Learning to Fuse: Modality-Aware Adaptive Scheduling for Robust Multimodal Foundation Models
Journal:
arXiv
Published Date:
Jun 15, 2025
Abstract
Multimodal foundation models have achieved impressive progress across a wide
range of vision-language tasks. However, existing approaches often adopt fixed
or task-specific fusion strategies, neglecting the intrinsic variability of
modality reliability and sample complexity. In this paper, we propose
Modality-Aware Adaptive Fusion Scheduling (MA-AFS), a general framework that
learns to dynamically modulate the contribution of each modality on a
per-instance basis. MA-AFS introduces a lightweight neural scheduler that
predicts modality fusion weights by integrating visual and textual entropy
signals along with cross-modal agreement cues.
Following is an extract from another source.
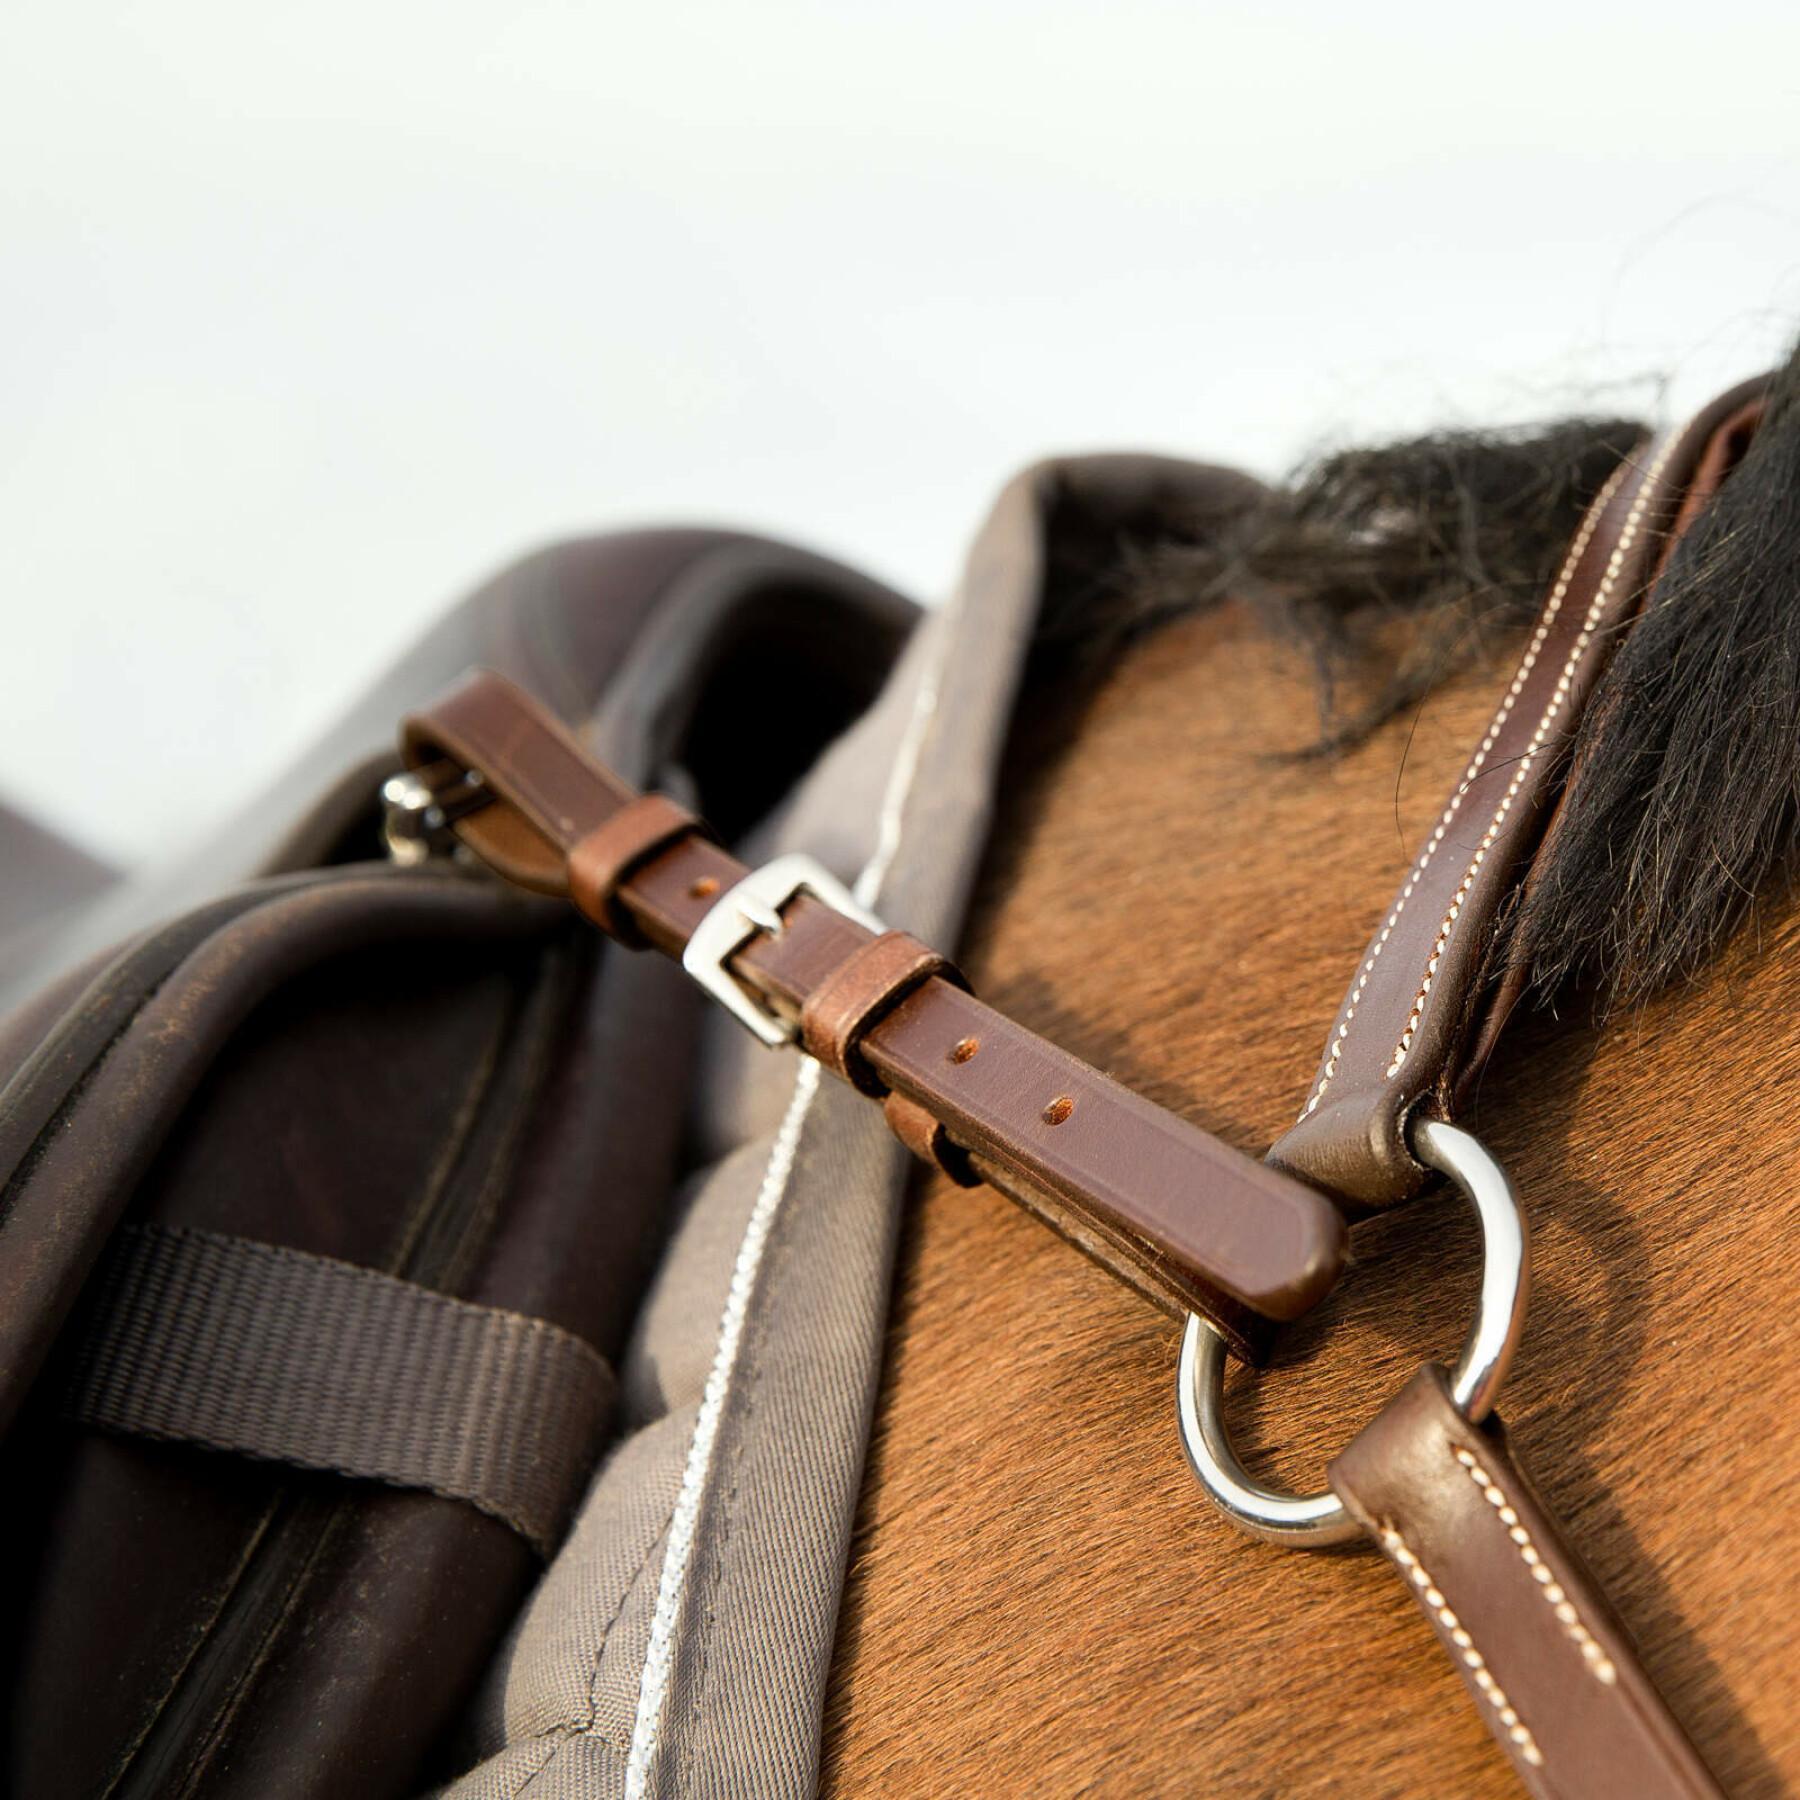 Verstelbare jachthalsband voor paarden Horze

This enables the model to
adaptively emphasize more reliable modalities, especially under noisy, missing,
or misaligned inputs. We formulate the fusion process as a differentiable
scheduling mechanism, analyze its theoretical consistency and regularization
effect, and demonstrate that it improves robustness without increasing model
capacity significantly. Extensive experiments on image-text retrieval,
captioning, and visual question answering show that MA-AFS achieves consistent
performance gains over strong baselines such as CLIP, ALBEF, and BLIP.
Moreover, MA-AFS exhibits improved robustness under modality corruption and
enhanced generalization under domain shifts. Our work highlights the importance
of adaptive fusion and opens a promising direction toward reliable and
uncertainty-aware multimodal learning.